За молчаливой замкнутостью и равнодушием Месье скрывается страх пустоты, «смертельная тоска»: «Прежде он бы с легкостью вообразил, в абстрактной понятной форме, две различные субстанции, не связанные между собой: одна неподвижная - это он сам (Месье не любил суеты), другая - обтекающее его время; теперь же у него вызревала мысль, что никаких двух субстанций не существует - есть лишь один мощный поток, беспрепятственно уносящий его за собой» [5, с. 65]. Тирания банальности, охватывающая все сферы жизни, суггестивно воплощается в фигуре соседа Месье - Кальца, беспардонно вторгающегося в его жизнь и навязывающего ему роль личного секретаря, от которого требуется «печатать текст под его (Кальца) диктовку» [5, с. 23]. Кальц - эмблематическая фигура, двойственность которой подчеркивается его фамилией и специальностью
- минералогией, вызывающих ассоциации с твердой непробиваемостью камня: «Кальц всегда добивался своего» [5, с. 25]. Туссен балансирует на грани шутливой насмешливости, перебивая текст вводными предложениями типа - «свободу людям доброй воли» [5, с. 45], чередуя агрессивную напористость Кальца и безысходную обреченность Месье, «который не умел отказывать» [5, с. 41]. Повторение изначальной ситуации с Каль-цем в бесполезных попытках Месье избежать, ускользнуть от тирании банальности создает образ мира, застывшего в своей агрессивной неподвижности. Иллюзорность бегства Месье раскрывается в двойственном характере игры, построенной на парадоксе движения / неподвижности. Энергичное парирование мяча в пинг-понге эмблематически воплощает движение. Последовательное освобождение Месье от социальной маски -«закатал брюки, потом снял часы, чтоб получить секундную передышку» [5, с. 39-40] - создает метафору «остановленного времени, возвращения в мир детской беззаботности». Все изображается словно в разгар движения и одновременно застывшим, неподвижным. Чередование движения / неподвижности раскрывает амбивалентные свойства повседневности - ее движение в бесконечном повторении. Аллюзии, интертекстуальная игра, розыгрыши, ирония, суггестия, парадокс в романах Туссена создают образ современного децентрированного сознания.
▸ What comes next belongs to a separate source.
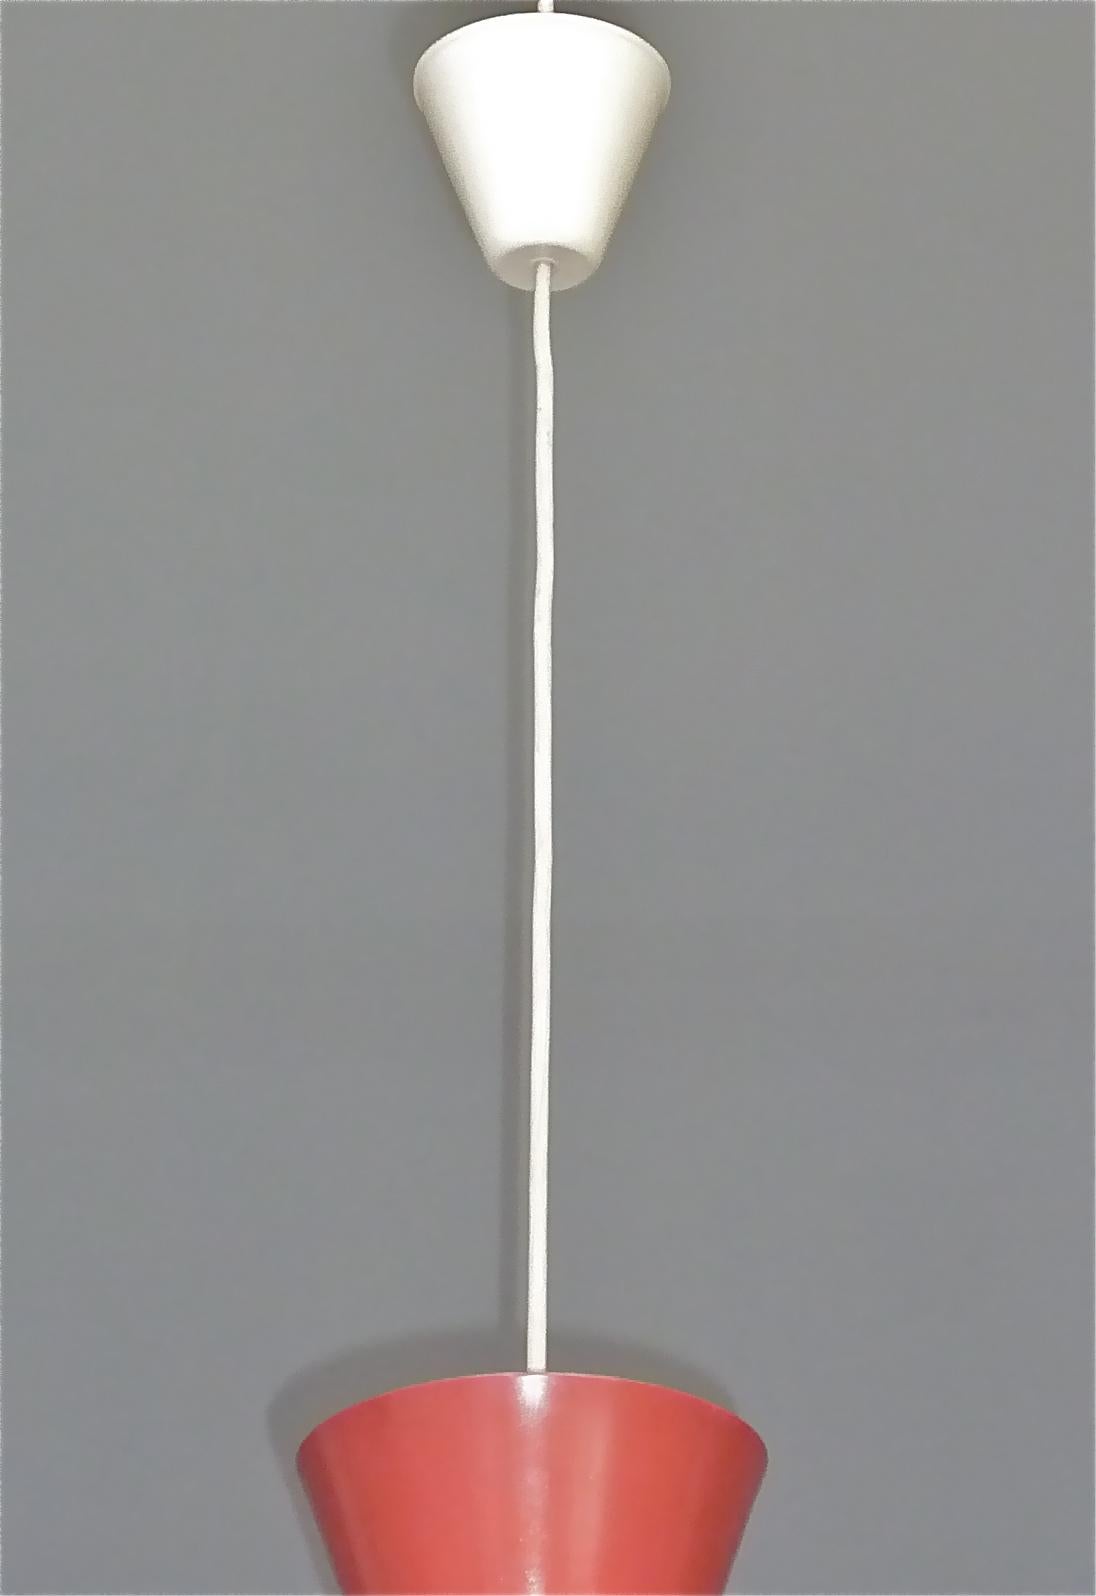 Swiss Midcentury Carl Moor BAG Turgi Pendant Lamp Diabolo Red Stilnovo Style 1950s For Sale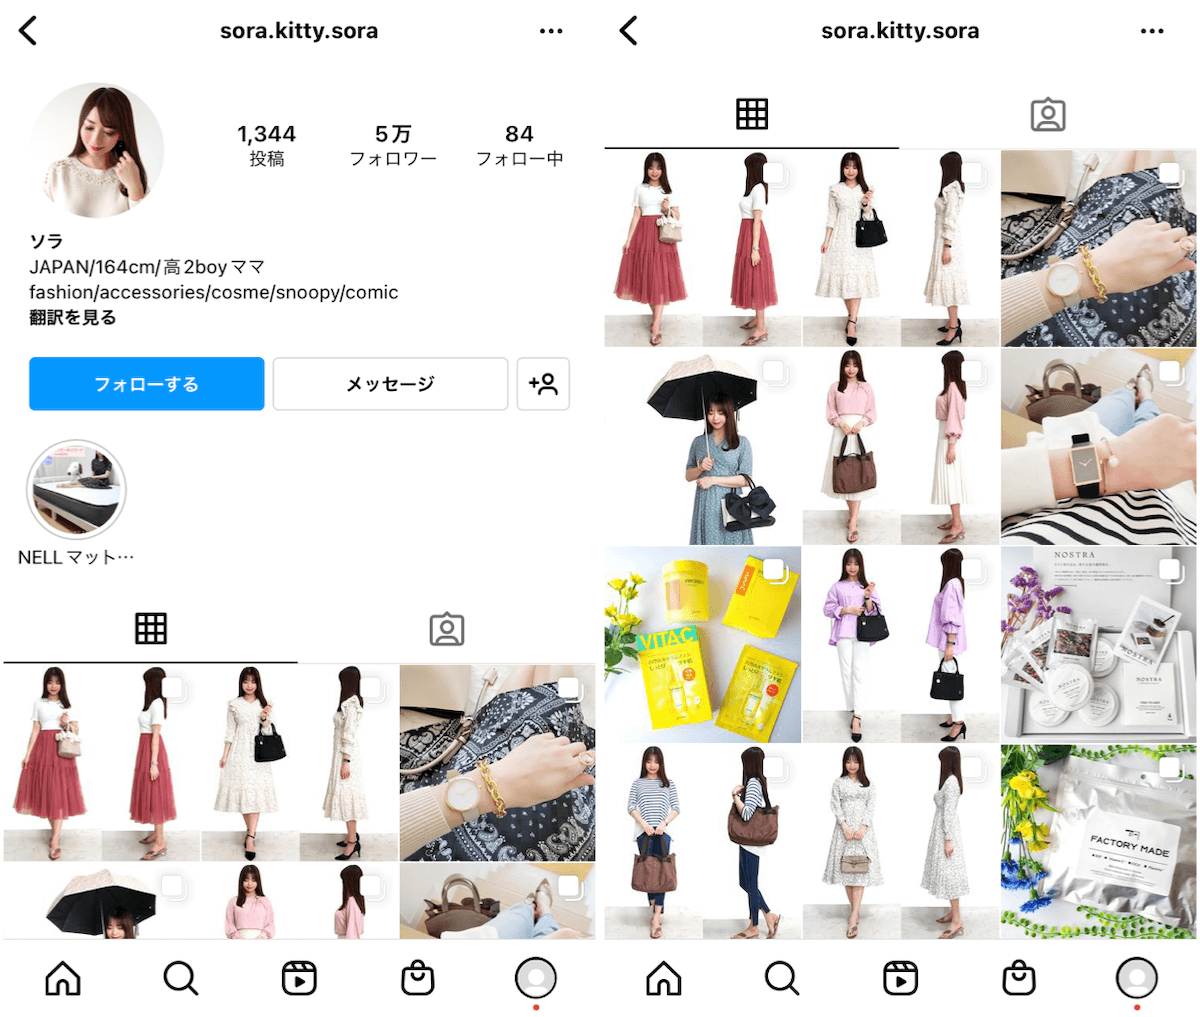 instagram-accessory-influencer-sora

Туссен реконструирует форму модернистского метаповествования, сочетая эстетический поиск с онтологическими и экзистенциальными проблемами.
Список литературы:
1. Blanckeman B. Les récits indécidables. - P., 2000.
2. Toussaint J.-Ph. La salle di bain. - P., 2005.
3. Jeunes auteurs de Minuit/ Textes réunis par M. Ammouche-Kremers et M. Hillenaar. - Amsterdam-Atlanta, G.A., 1994.
4. Паскаль Б. Мысли. - М., 2001.
5. Туссен Ж.-Ф. Месье. Любить. - М., 2006.